SPEAKER_02Well, I'm I'm grateful also, Alex. And again, I I don't want to I don't want it just to to flatter you, but like I said, when when I was so blown away by by when you came in and uh the work that I have a right is doing uh is is so on target and so needed. Uh I'm so grateful for the work you're doing. I I hope you can continue to to grow the work. I mean, if we could if we could get you into uh speaking to every teenage boy in America, uh I think that would be a value added in terms of getting us to the place that we need to be. So I want to thank you for the work that you're doing. I know it it came from a place of uh that that maybe you you you would not have thought of when you were 25 years old. Um I I mean it it it started from from a place that was that was difficult for you, but uh talk about hazards at forward. I mean you you've taken something that for your for you and your family and especially for your daughter has been has been a uh uh you know a an obstacle and you've turned it into a way of of educating other people. So I'm I'm I'm grateful for that work that uh that your organization's doing.

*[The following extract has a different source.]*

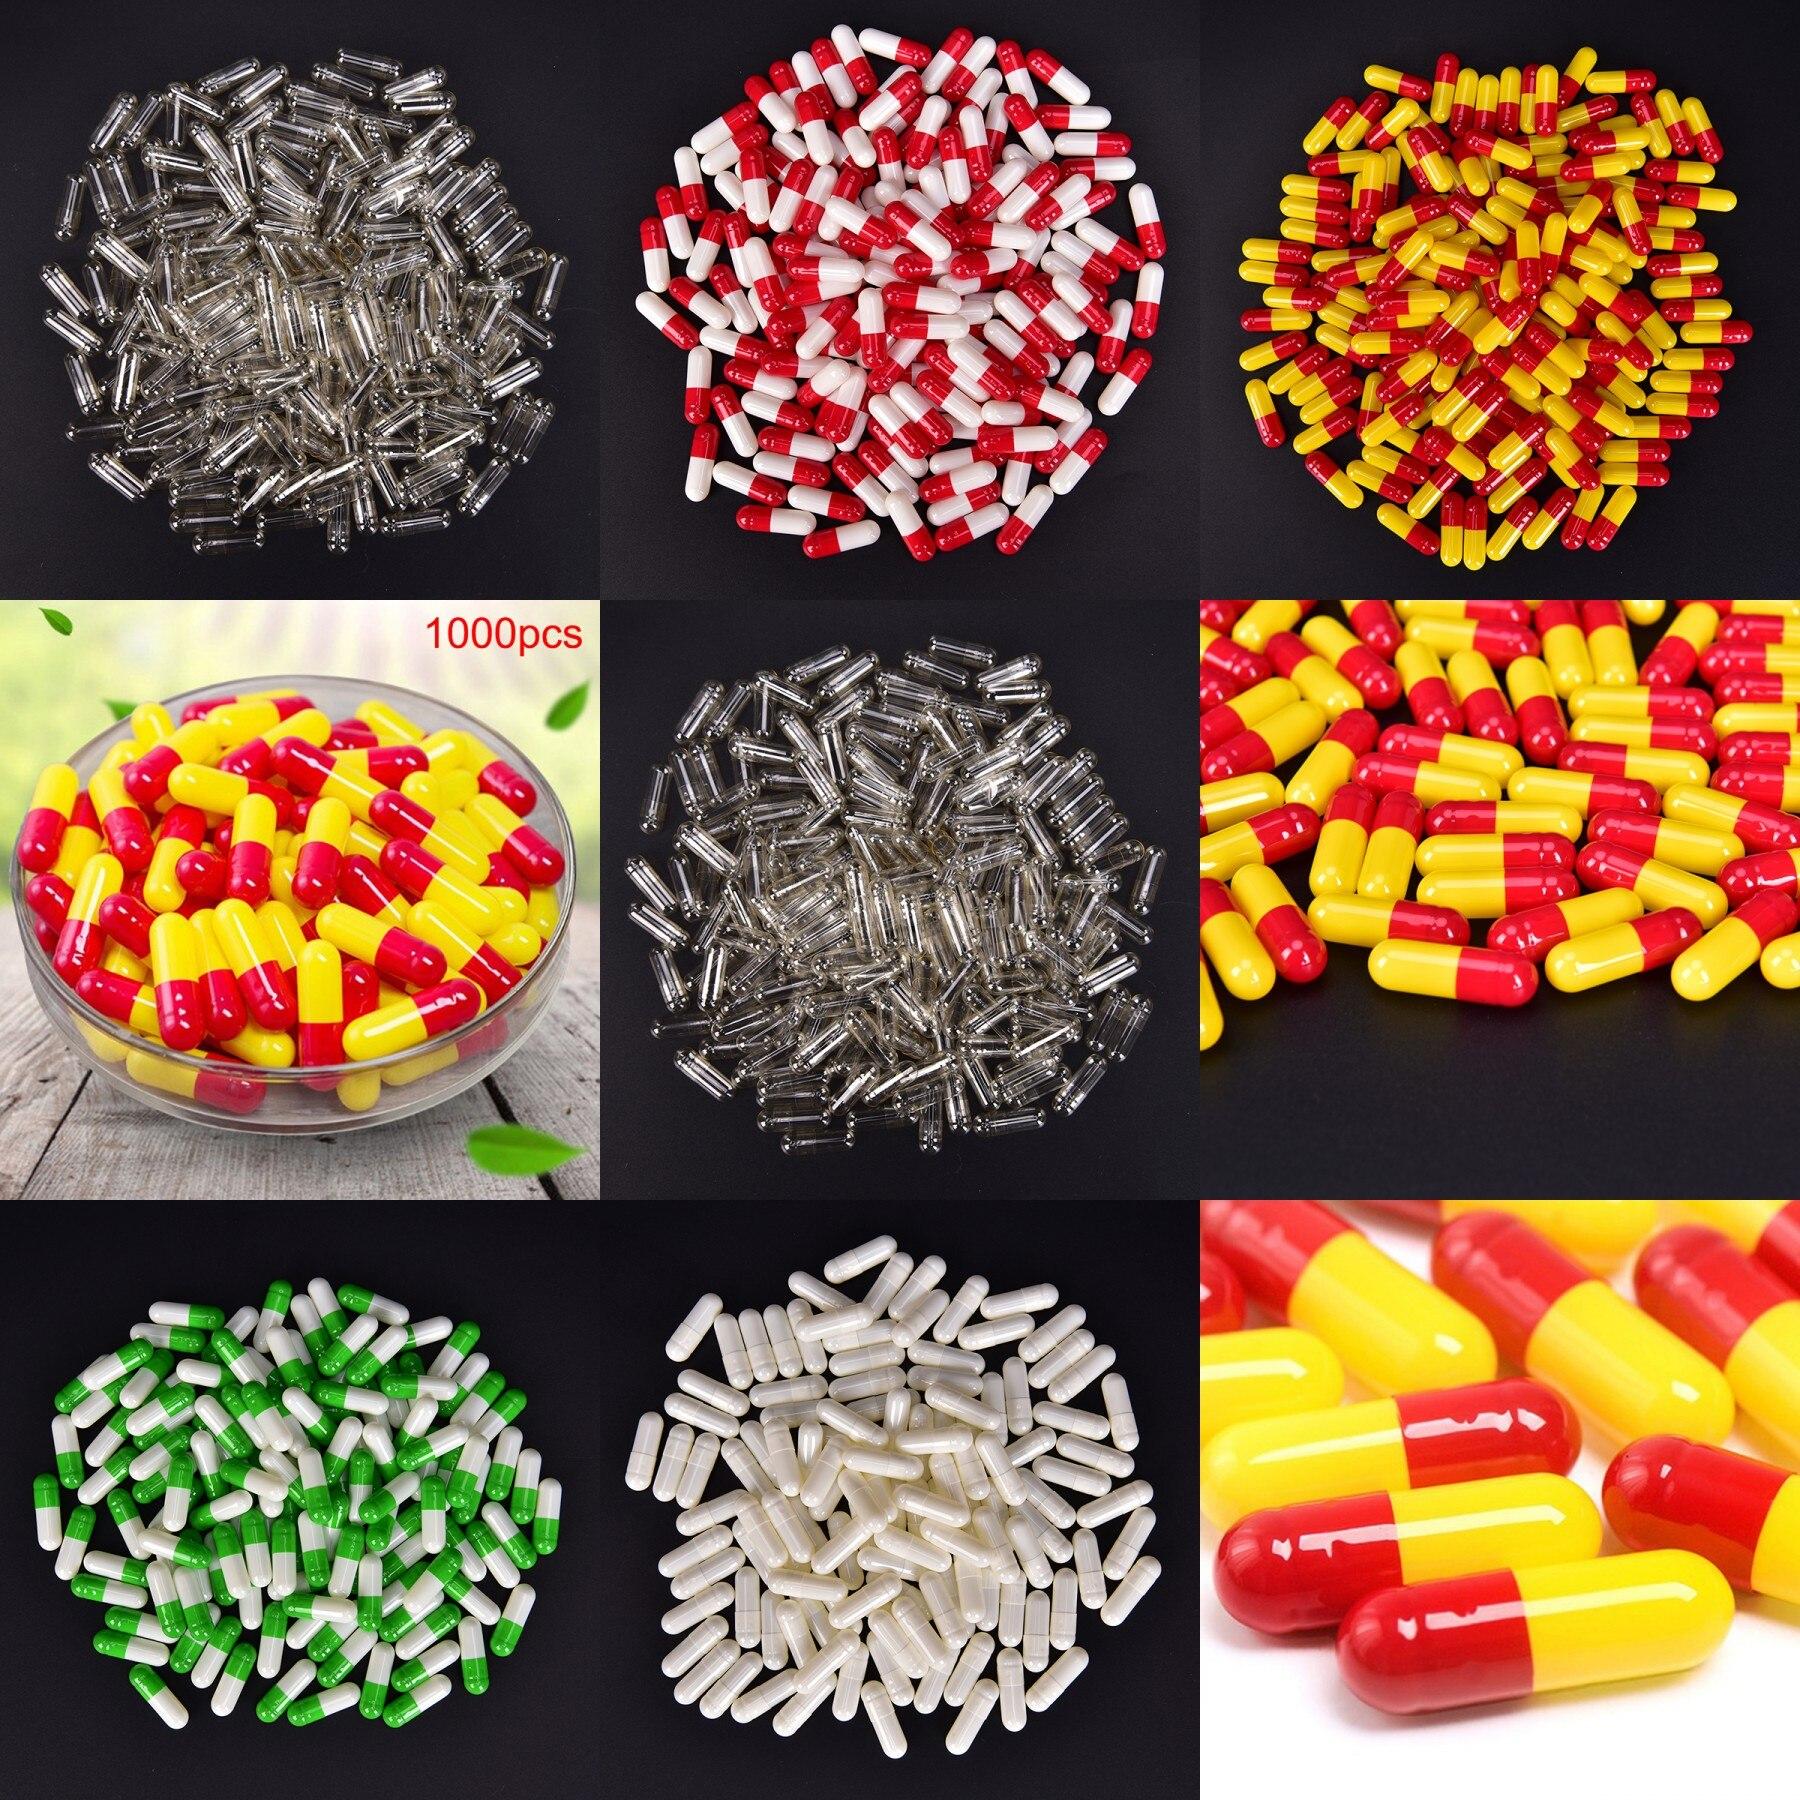 1000 Stücke Transparent Leere Gelatine Kapseln Pille Vcaps Klar Halal Getrennt Box Hohe Qualität Nachfüllbare Flaschen Haut Pflege Werkzeuge

SPEAKER_01Well, somehow I think John, we're we're gonna find ways to collaborate going forward because I've just thoroughly enjoyed um everything about this. Okay, excellent. And Jonas, thank you for having the best this evening.
SPEAKER_00Of course, this has been a great conversation.
SPEAKER_02Good luck with your final exams down in Delaware.
SPEAKER_00Thank you. Yeah, one more, one more. So I've got this line. Perfect.